(Heb. Yechezkel', יהֶזקֵאל, either meaning Whom God will strengthen or God will prevail), the name of two men.
1. (Sept. Ε᾿ζεκήλ) The head of the twentieth "course" of priests under David (1Ch 24:16, where the name is Anglicized JEHEZEKEL SEE JEHEZEKEL [q.v.]).
2. (Ι᾿εζεκιήλ, Josephus Ι᾿εζεκίηλος, Ant. 10:5, 1.) One of the four greater prophets. SEE PROPHET.

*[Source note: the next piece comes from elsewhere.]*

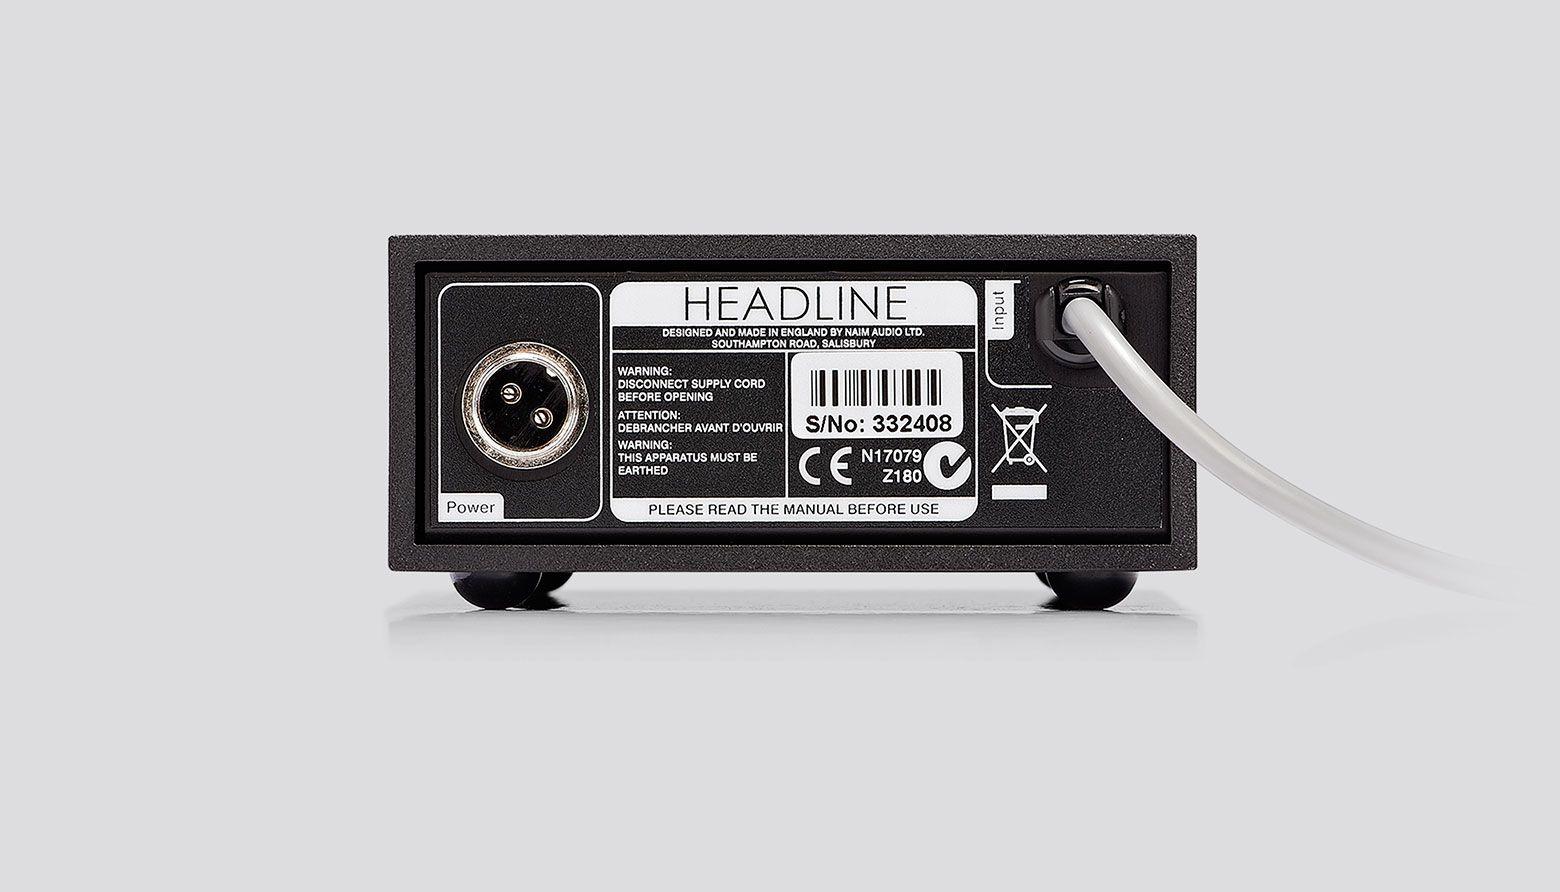 HeadLine Headphone Amplifier - Rear View

1. There have been various fancies about his name: according to Abarbanel (Praef in Ezech.), it implies "one who narrates the might of God to be displayed in the future," and samne (as Villalpandus, Praef. in Ezech. page 10) see a play on the word in the expressions חֲזקַים and חַזקֵי (3:7, 8, 9), whence the groundless conjecture of Sanctius (Prolegon. in Ezech. page 2, n. 2) that the name was given him subsequently to the commencement of his career (Carpzov, Introduct. ad Libr. Bibl. Vet. Testam. 2, part 3, chapter 5).

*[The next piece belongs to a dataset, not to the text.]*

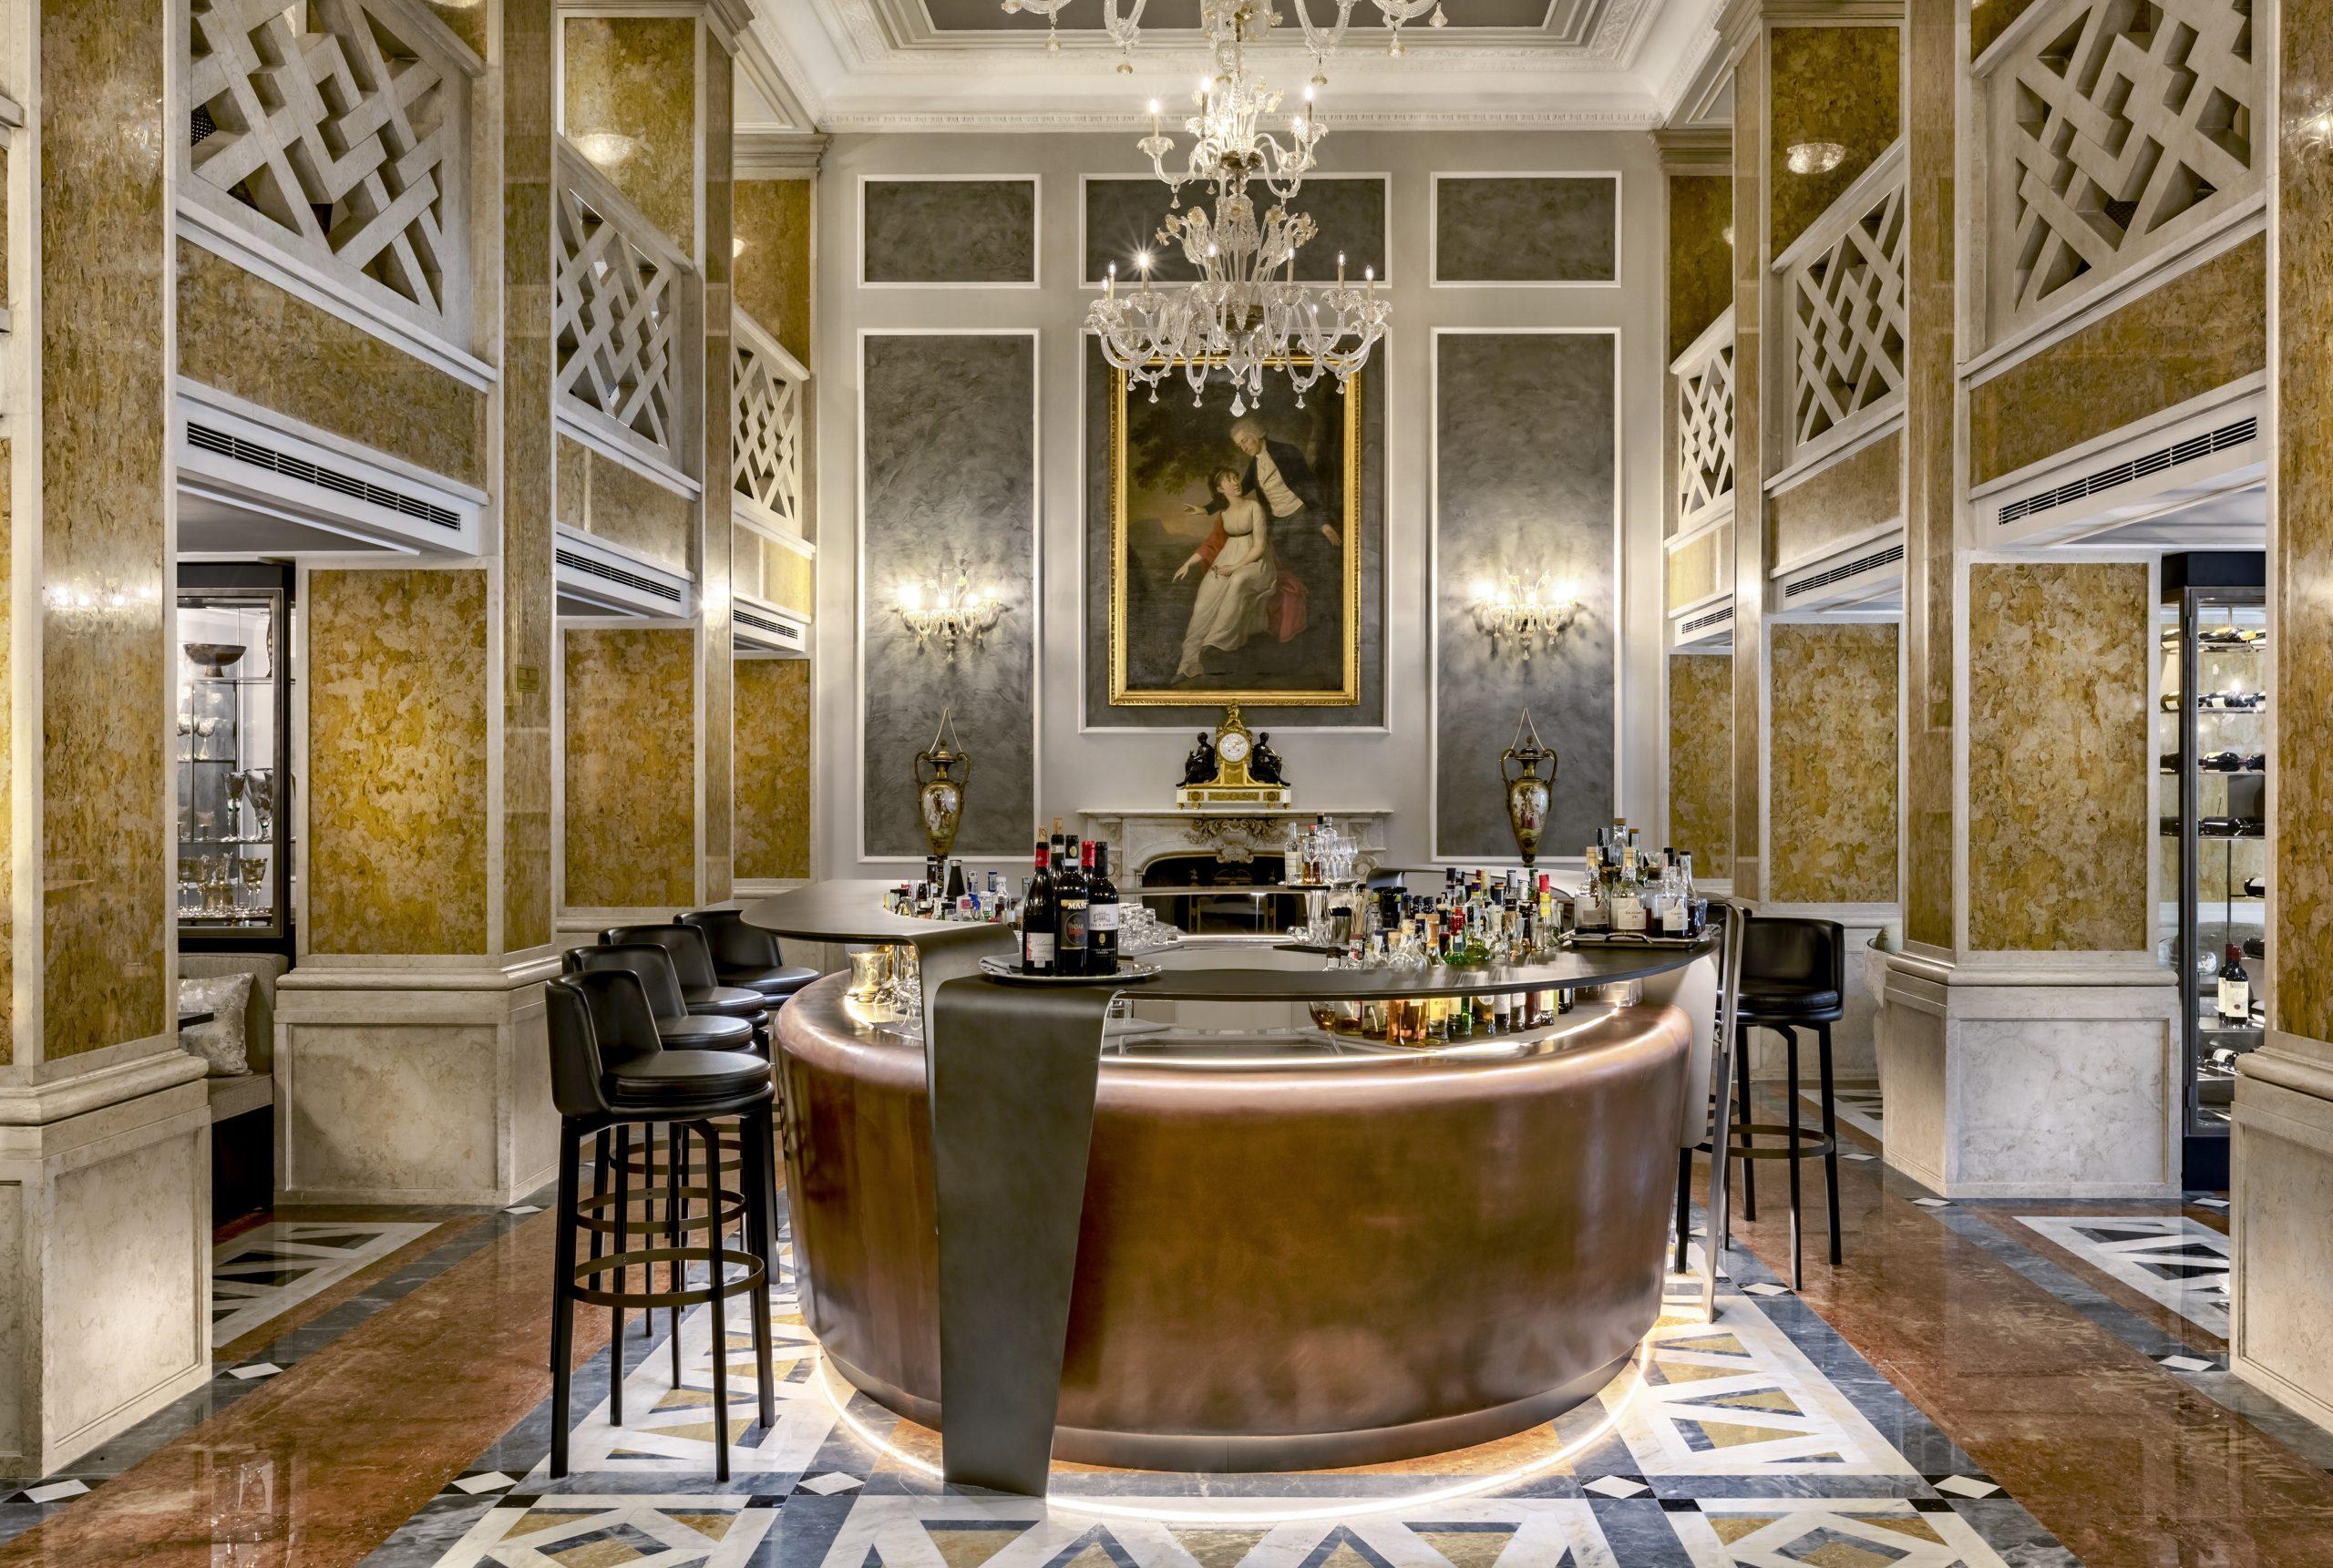 Baglioni Hotel Luna BAR - Venezia - foto Francesca Anichini

2. He was the son of a priest named Buzi (1:3), respecting whom fresh conjectures have been recorded, although nothing is known about him (as archbishop Newcome observes) beyond the fact that he must have given his son a, careful and learned education. The Rabbis had a rule that every prophet in Scripture was also the son of a prophet, and hence (as B. David Kimehi in his Commentary) they absurdly identify Buzi with Jeremiah, who, they say, was so called because he was rejected and despised. Another tradition makes Ezekiel the servant of Jeremiah (Gregory Naz. Or. 47), and Jerome supposes that the prophets being contemporaries during a part of their mission interchanged their prophecies, sending them respectively to Jerusalem and Chaldaea for mutual confirmation and encouragement, that the Jews might hear, as it were, a strophe and antistrophe of warning and promise; "velut ac si duo cantores alter ad alterius vocem sese componerent" (Calvin, Comment. ad' Ezech. 1:2). Although it was only towards the very close of Jeremiah's lengthened office that Ezekiel received his commission, yet these suppositions are easily accounted for by the internal harmony between the two prophets, in proof of which Havernick (Introduct. to Ezek.) quotes Ezekiel 13 as compared with Jer 23:9 sq., and Ezekiel 34 with Jeremiah 33 etc. This inner resemblance is the more striking from the otherwise wide difference of character which separates the two prophets; for the elegiac tenderness of Jeremiah is the reflex of his gentle, calm, and introspective spirit, while Ezekiel, in that age when true prophets were so rare (Eze 12:21; La 2:9), "comes forward with all abruptness and iron consistency. Has he to contend with a people of brazen front and unbending neck? He possesses on his own part an unbending nature, opposing the evil with an unflinching spirit of boldness, with words full of consuming fire" (Havernick, Introd., transl, by Reverend F.W. Gotch in Jour. of Sac. Lit. 1:23).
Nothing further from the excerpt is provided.